*** Dataset excerpt Section Begins ***

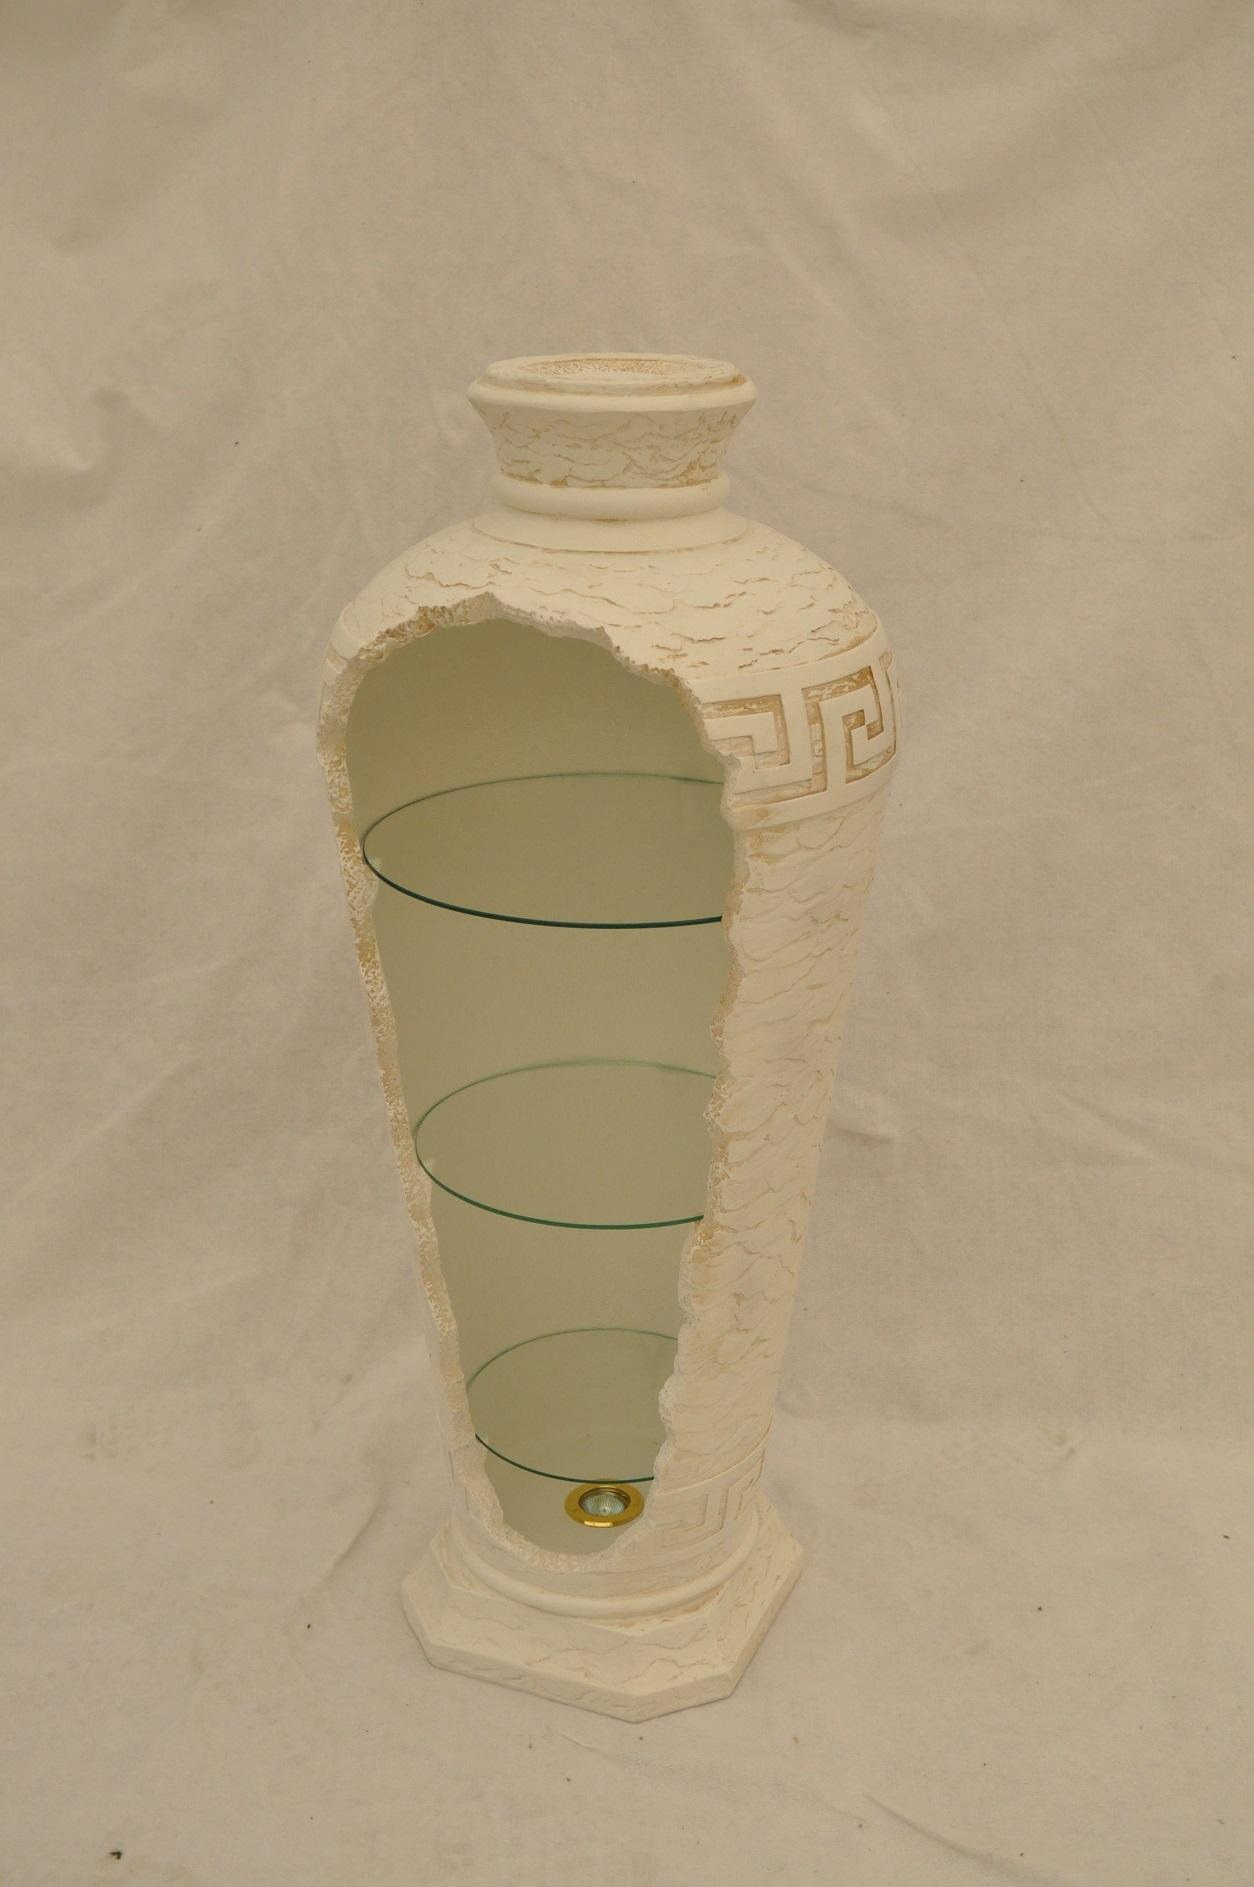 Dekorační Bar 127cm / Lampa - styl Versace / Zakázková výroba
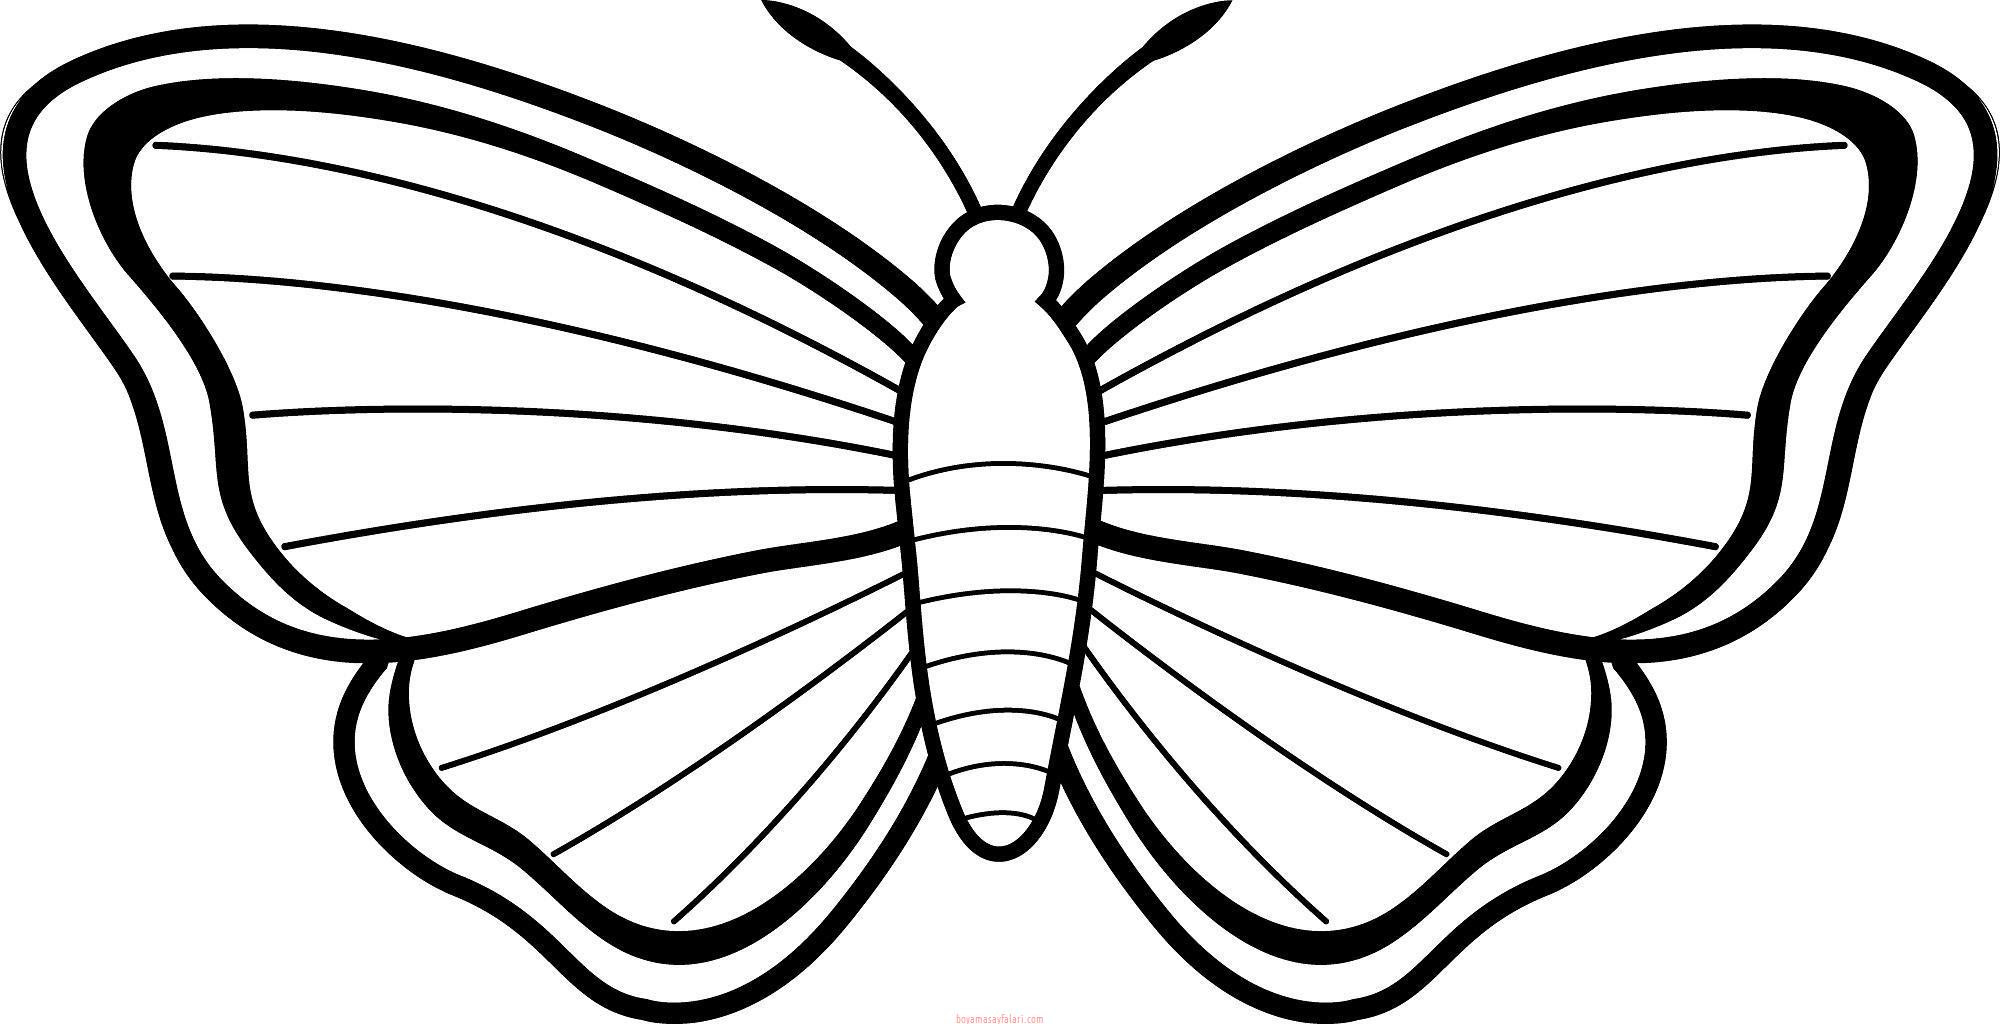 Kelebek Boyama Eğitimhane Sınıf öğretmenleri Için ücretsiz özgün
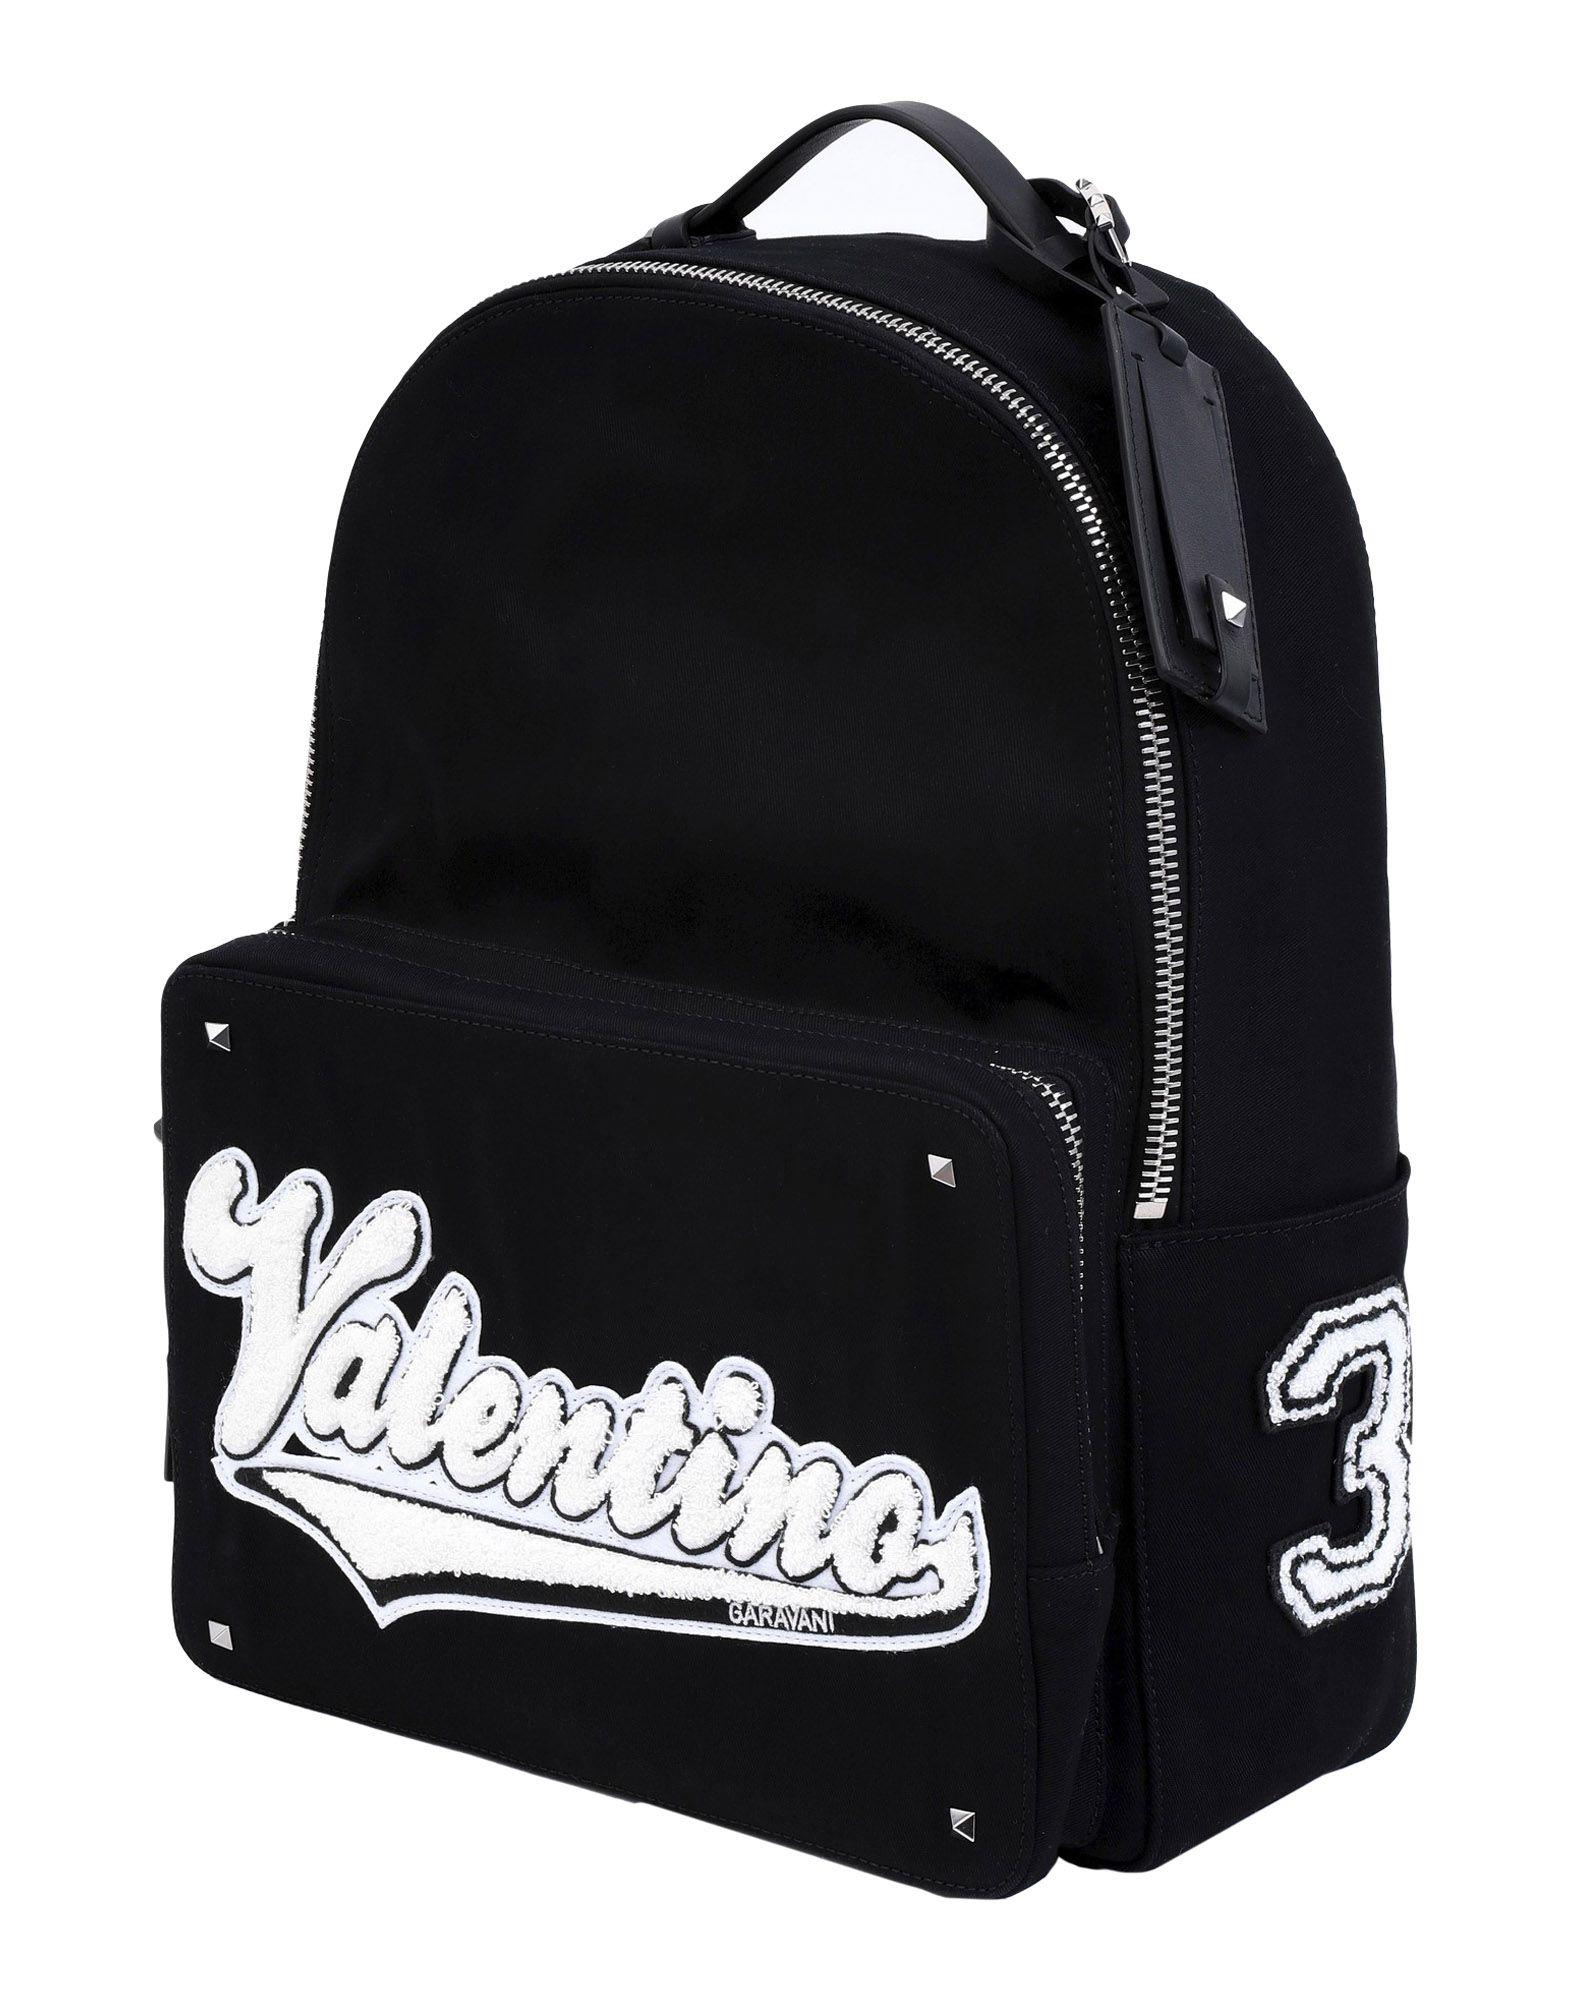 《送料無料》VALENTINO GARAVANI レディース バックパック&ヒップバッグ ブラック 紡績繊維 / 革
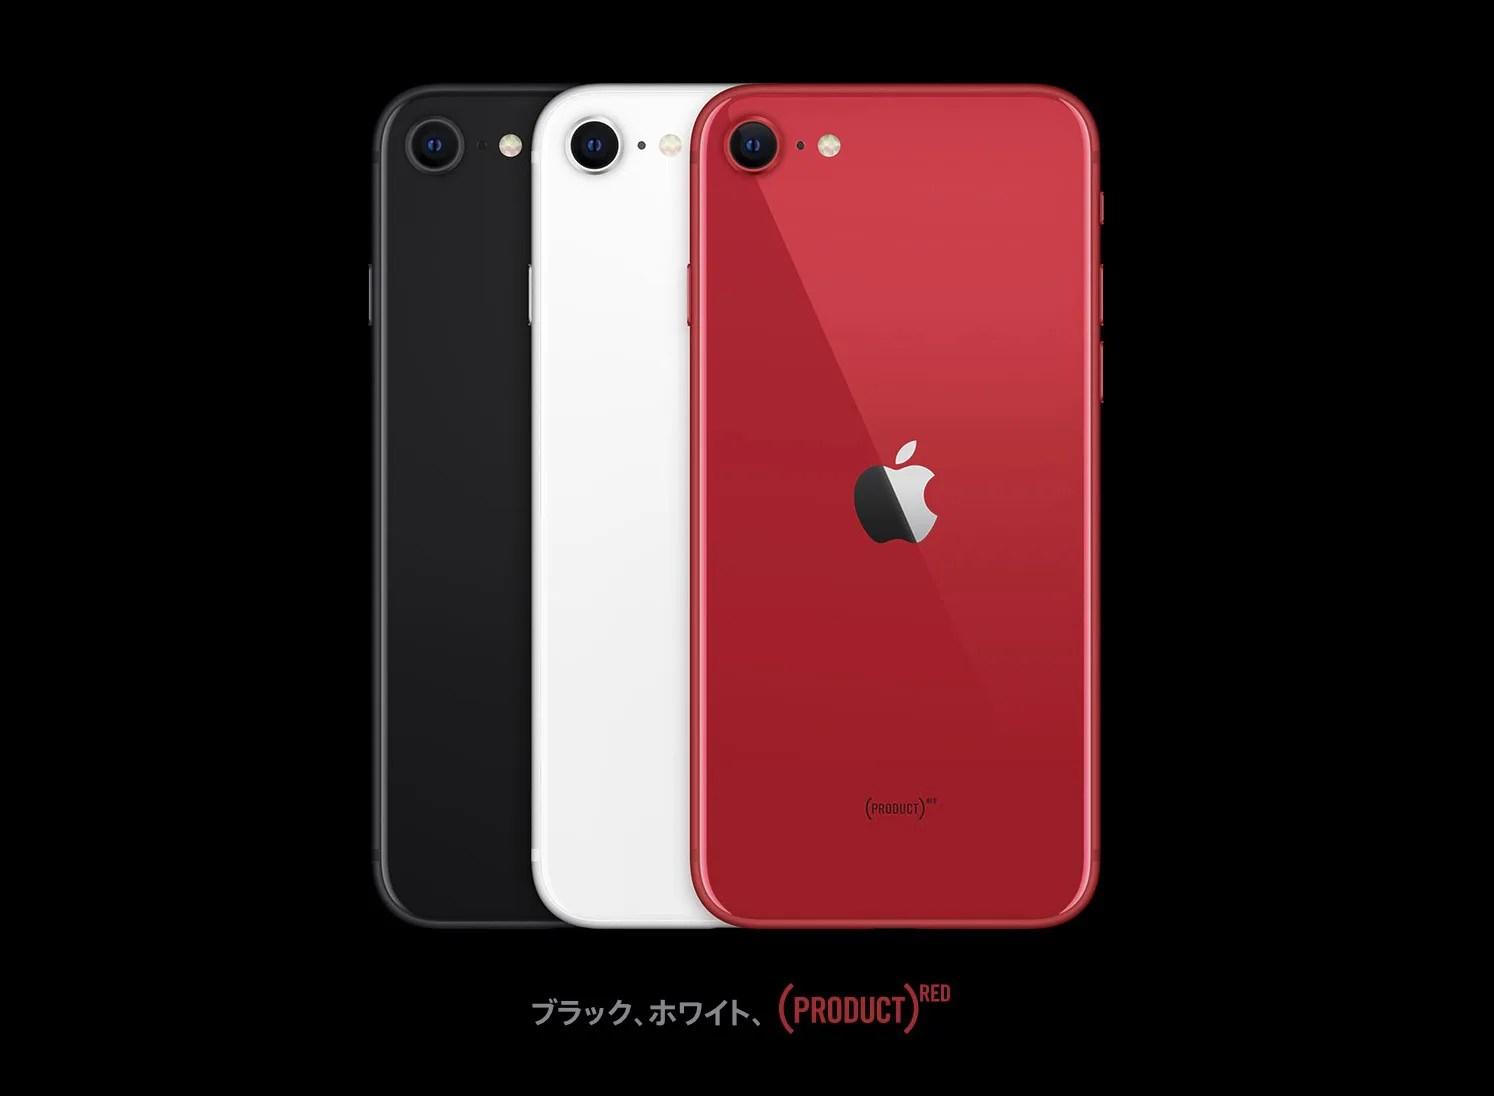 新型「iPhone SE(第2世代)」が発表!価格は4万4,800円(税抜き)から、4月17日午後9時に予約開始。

*** Dataset excerpt Section Ends ***

Exercise:
Pictures are not part of the copy; reproduce exactly and only the lines from the line containing "Kelebek Boyama Eğitimhane" through the end of the listing.

Written answer:
 Kelebek Boyama Eğitimhane Sınıf öğretmenleri Için ücretsiz özgün
 《送料無料》VALENTINO GARAVANI レディース バックパック&ヒップバッグ ブラック 紡績繊維 / 革
 新型「iPhone SE(第2世代)」が発表!価格は4万4,800円(税抜き)から、4月17日午後9時に予約開始。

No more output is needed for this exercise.